Ich hab mir den Stand mal angeschaut. Und ja die Frauen waren beim shoppen 
Also die vertreiben Merida und Trek. Als ich den freundlichen Berater auf das Wheelen des Trek Session's ansprach war er verdutzt und konntes sich nicht vorstellen, mit nem Freerider aufm HR, nene.
Habe ihm da dann ein wenig bequatscht und er verwies mich dann auf die Räder bei ihm im Laden (Neuräder sind nicht für Probefahrten - kann ich gut verstehen).
Als ich dann aber auf die Anfälligkeit des 88 im harten Einsatz zusprechen kam und fragte ob er da Erfahrungen bisher sammeln konnte, war es ihm wohl zuviel  Er erzählte mir dann das der Rahmen genauso wie Nicolai in Taiwan produziert wird und die gleichen Materialien mit gleichen Wandstärken benutzt werden.

Jetzt dürft ihr euch euere eigene Meinung bilden 





chucki_bo schrieb:


> bei hoffentlich gutem Wetter werden wir vermutlich dort einen Tour-Zwischenstopp einlegen...



da wäre ich wohl auch auf dem Wege dabei ... 



LG Jens


----------



## Peter88 (6. April 2011)

..


> Hallo,
> 
> für alle Interessierten anbei ein paar Infos zu Veranstaltungen:
> 
> ...


----------



## poekelz (4. Mai 2011)

Am Sonntag den 8. Mai von 13:00 bis 18:00 Uhr ist Eröffnung des vergrößerten Verkaufsraumes bei Blöte in 32120 Hiddenhausen.

Mehr Infos unter www.bloete.de

Erfahrungsgemäß gibt´s immer viel zu sehen und für´s leibliche Wohl ist auch gesorgt


----------



## JENSeits (4. Mai 2011)

Ich werde da sein, bei gescheitem Wetter mir Rad!


----------



## Domme02 (4. Mai 2011)

Am Sonntag findet das 2. rennen der Challenge4mtb 2011 statt:

In diesem Jahr startet der KamiCup bereits zum 9. Mal.
Im Jahr 2002 begann alles.  Damals starteten wir den KamiCup noch auf der kurzen Strecke am Spielberg und mit nur 35 Startern.
Mittlerweile kommen regelmäßig über 100 Starter jedes Jahr nach Barntrup.
Auf dem mittlerweile einen Kilometer langen Parcours mit Steilkurven, Anliegern, Sprüngen, Tables und Northshore-Elementen müssen die Teilnehmer alles geben.

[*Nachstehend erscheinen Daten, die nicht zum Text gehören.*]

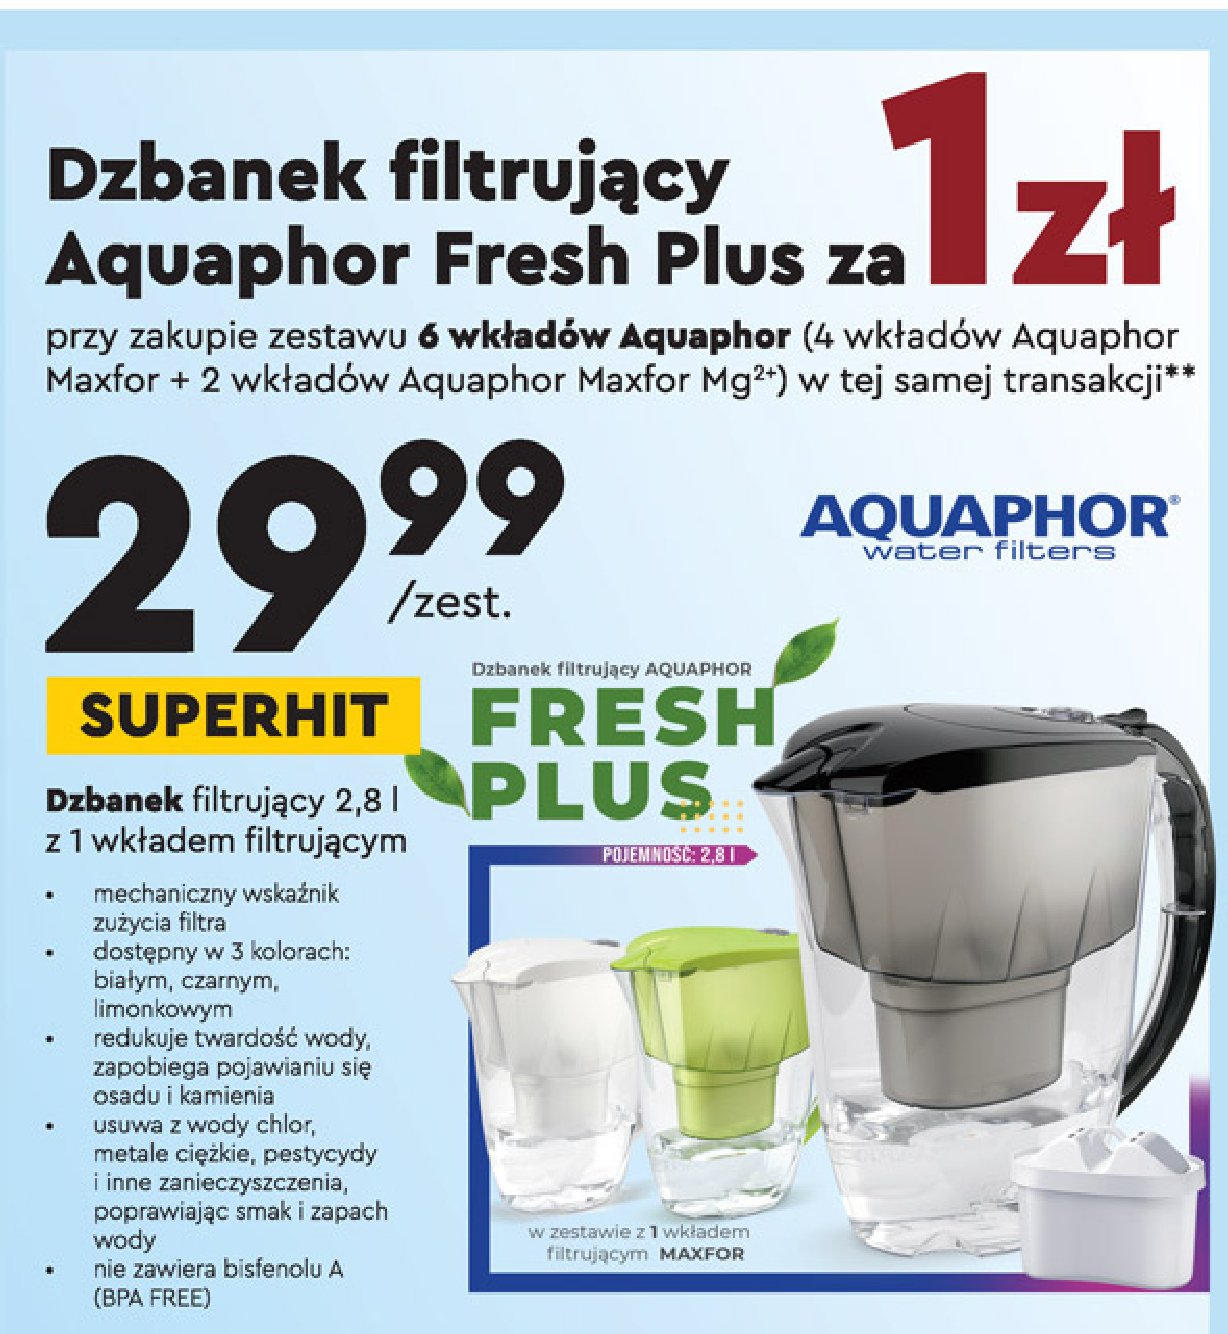 Dzbanek filtrujący fresh 2.8 l limonkowy Aquaphor promocja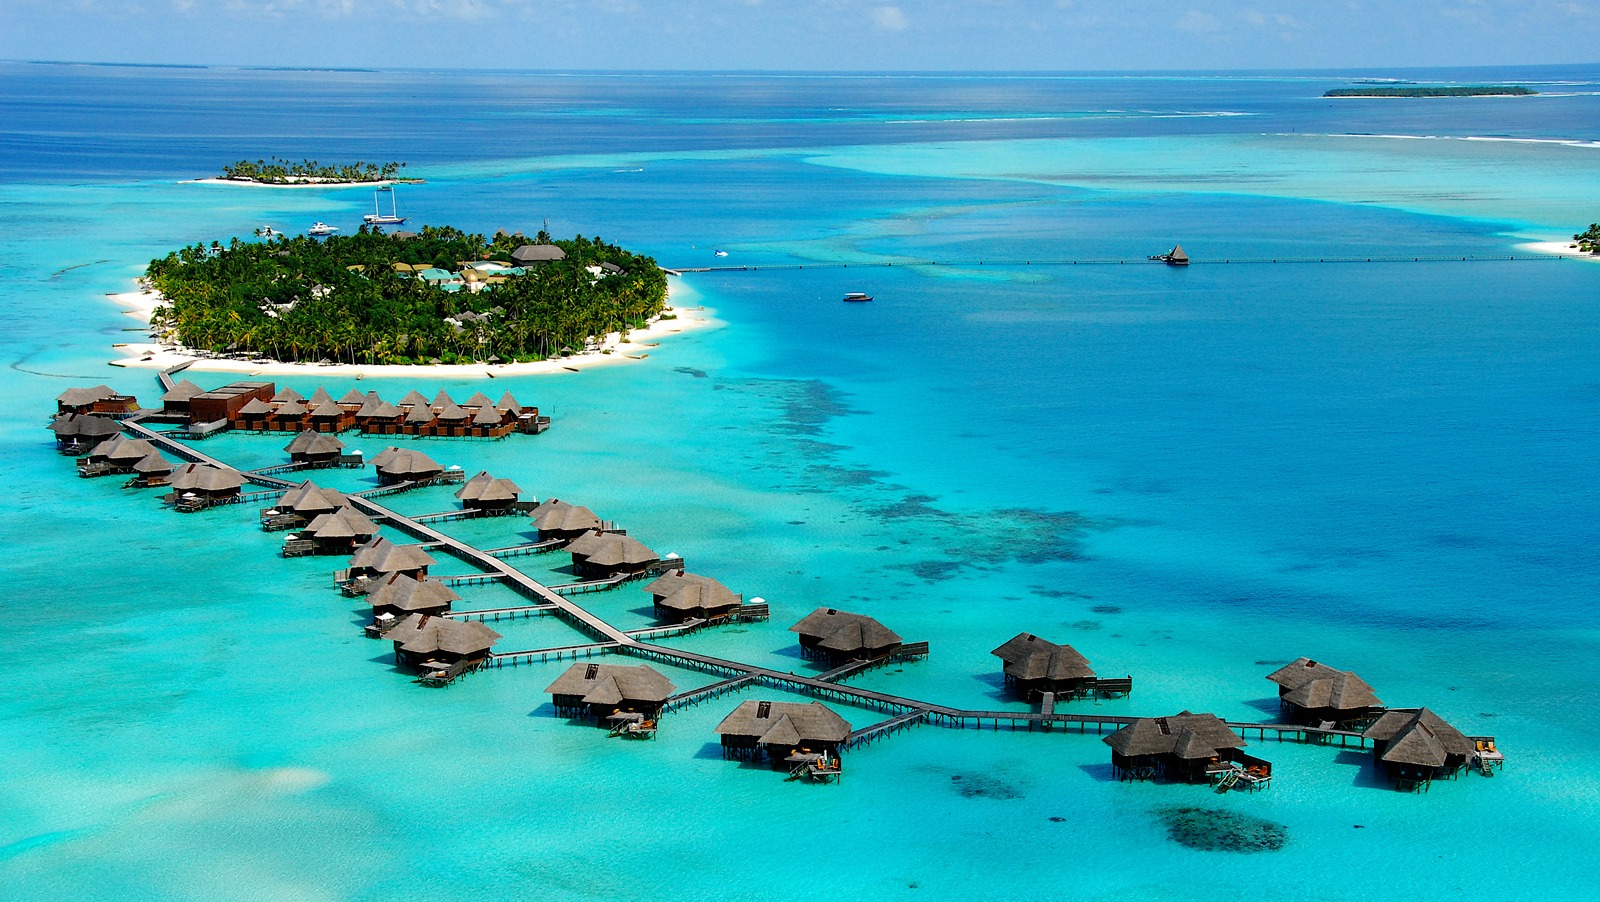 maldives places to visit images

Ein explosionsartiger Antritt ist ebenso gefragt, wie Fahrtechnik und Körperbeherrschung. http://www.wekido-ratpack.de/

Ps: Ich bin dieses Jahr nicht dabei aber wer Lust hat sich 2min die Kehle aus dem Hals zu rasen, sollte unbedingt mal vorbeischauen!


----------



## JENSeits (4. Mai 2011)

Ist das eine Freeride-Veranstaltung?


----------



## Domme02 (4. Mai 2011)

Nein so würde ich es nicht nennen. Sehr viele treten mit CC-Bikes an aber wer fahrtechnik hat, ist klar im Vorteil. Letztes Jahr waren auch mehrere Fahrer der Gravity Fraktion vorort, welche auf keinen Fall schlecht abschnitten. Die Kondition auf dem weitgehend flachen Kurs muss aber auch mitspielen. Mit deinem Bike hättest du aber bestimmt Spaß...
Ein paar Bilder vom Rennen 2010 kannst du dir auf dieser Seite eines Fahrers von Bikesportlippe anschauen: https://profiles.google.com/merida50/photos/5464492650649944801


----------



## MTB-News.de




----------



## JENSeits (4. Mai 2011)

Mhm scheint eine spaßíge Sache zusein, für mehr würde ich auch nicht zugebrauchen sein. Allerdings muss ich mal schauen ob ich noch andere mit ins Boot holen kann - sonst wird mir die Anreise zuteuer.
Mal schauen


----------



## chucki_bo (9. Juni 2011)

Knapp über die Grenze OWL's hinweg, aber mit Sicherheit das MAIN-Event:

Willingen - BIKE Festival... !jetzt - dieses Wochenende!

*VRFRDE!*

chucki_bo


----------



## JENSeits (9. Juni 2011)

Dann hätten wir ja auch das Dirtmasters in Wibe eintragen sollen


----------



## JENSeits (9. Juni 2011)

neue Umfrage


----------



## Berrrnd (10. Juni 2011)

morgen ist in kollerbeck das xc-rennen.

5 oder 6 runden a 5km.
ich darf 6 fahren.


----------



## Nordpol (11. Juni 2011)

...und ich muß nur noch 5.


----------



## Berrrnd (11. Juni 2011)

schön wars!

bin auf die ergebnislisten gespannt.


----------



## Nordpol (11. Juni 2011)

> schön wars!


 
...kann ich unterschreiben, und anschließend lecker kuchen.


----------



## Berrrnd (11. Juni 2011)

nö, ne schöne ungesunde pommes weiss. 

ich finde die klasseneinteilung der rennen nicht sonderlich schön.
masters und herren hätten zusammen 6 runden fahren sollen.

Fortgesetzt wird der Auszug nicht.